Executive-produced by Mohamed Al Fayed and dedicated to his son, the late Dodi Al Fayed, "Peter Pan" is the sort of film you'd actually want to have dedicated to you (and not just if you were an untimely felled paramour of Princess Di). This live-action version of J.M. Barrie's classic tale is a thing to celebrate. It's literate, funny, exciting and drenched in fairy dust.
"All children grow up ... except one," the movie announces at the outset, then delves into a cornucopia of wonders that wipes every last Michael Jackson joke from your lips. The name "Neverland" is rescued from late-night insinuation as Peter ("Frailty's" Jeremy Sumpter) whisks the Darling family children away from London and into an eternally youthful, consistently enchanting landscape full of pirates, lost boys, clock-eating crocodiles and even an Indian or two. (So long, PC police: Princess Tiger Lily is here, in all her war-painted glory.)

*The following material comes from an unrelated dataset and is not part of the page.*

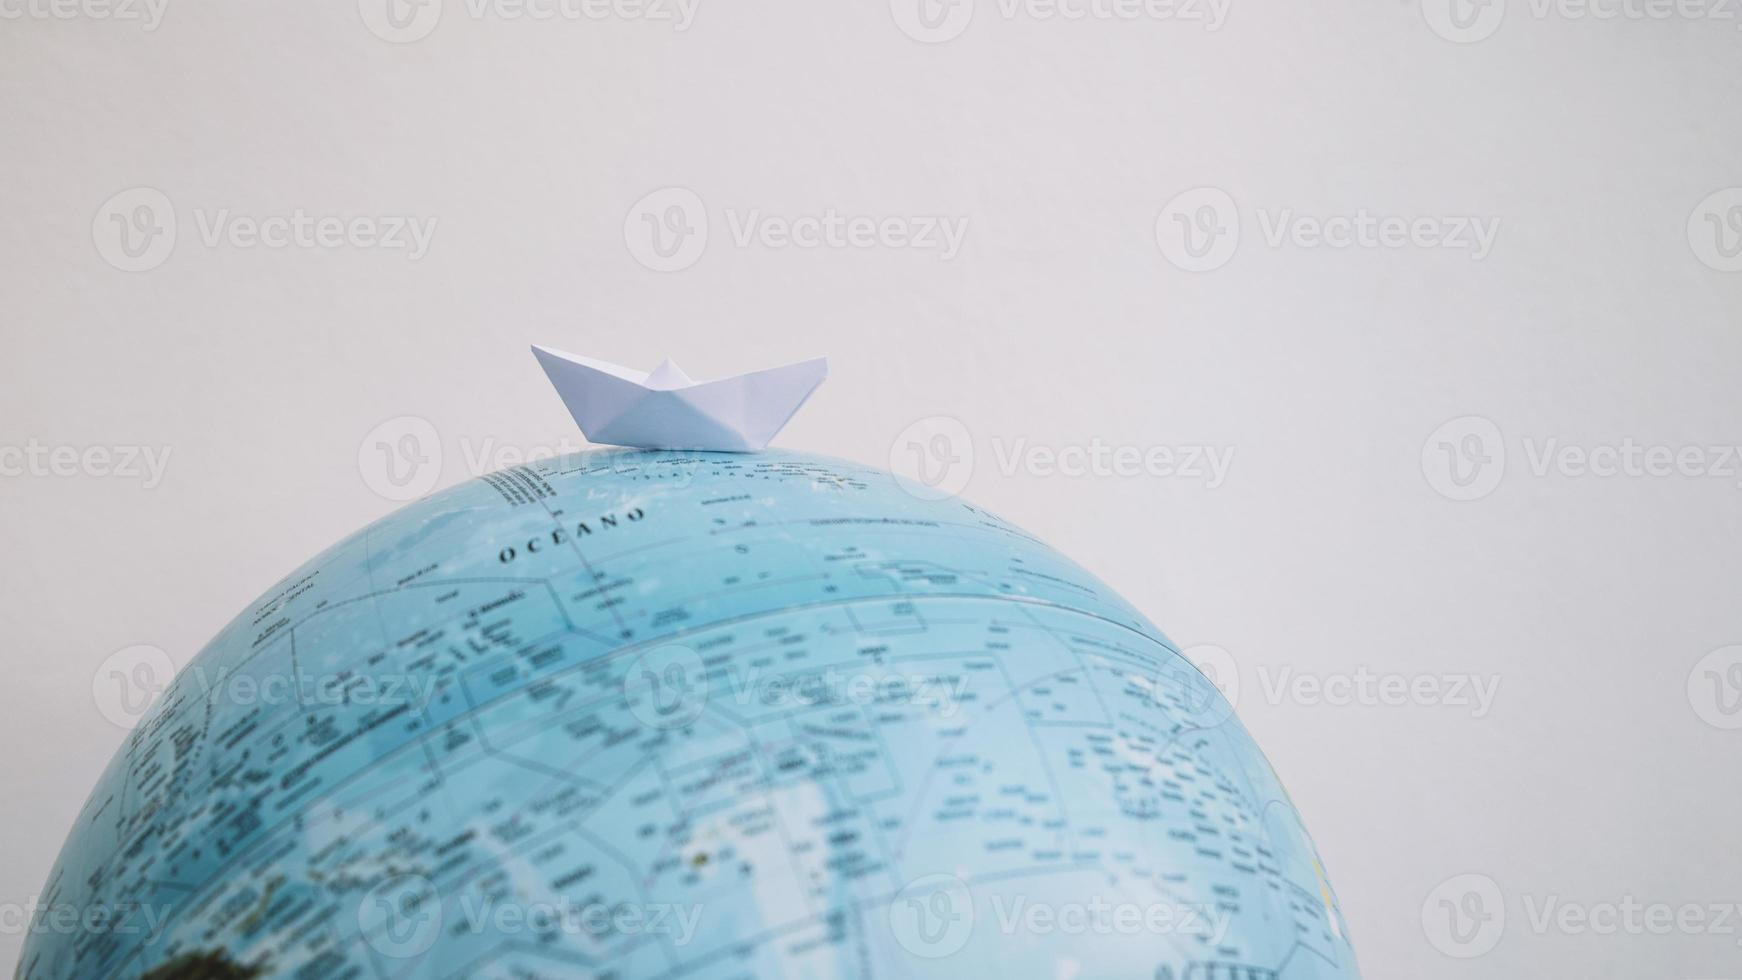 barco de papel en un globo foto

The whole thing looks smashing, even when it's imposing artificial twilight to mask the seams between its sumptuous backgrounds and its CGI flight effects. Meanwhile, a graphic shot of Captain Hook's stump announces that this wee-ones' adventure will not pander to parental skittishness: The scares are as genuine as the delights.
At first, Sumpter's anarchy comes across as slightly forced (and his speech a tad too impaired for comfort). But when his performance finally meshes with the rhythms provided by director/co-writer P.J. Hogan ("My Best Friend's Wedding"), you can almost hear the sound of Daniel Radcliffe getting his bum kicked up and down the block. And Rachel Hurd-Wood (as Wendy), Olivia Williams (as Mrs. Darling), Ludivine Sagnier (as Tink) and Jason Isaacs (doing double duty as Hook and Mr. Darling) are all pitch-perfect in their familiar yet vital roles.
Though its action sequences are often thrilling, "Peter Pan" never shortchanges the poignancy in Barrie's story of innocence lost. Resting comfortably atop the family-picture pile, this project appears to have been assembled by people who had absolutely no other agenda than to make a fine film from a classic piece of children's literature. God only knows if any stateside kid of the modern era is going to want to see it, so your good deed for this holiday season is to find one and force him into going. Use violence if necessary.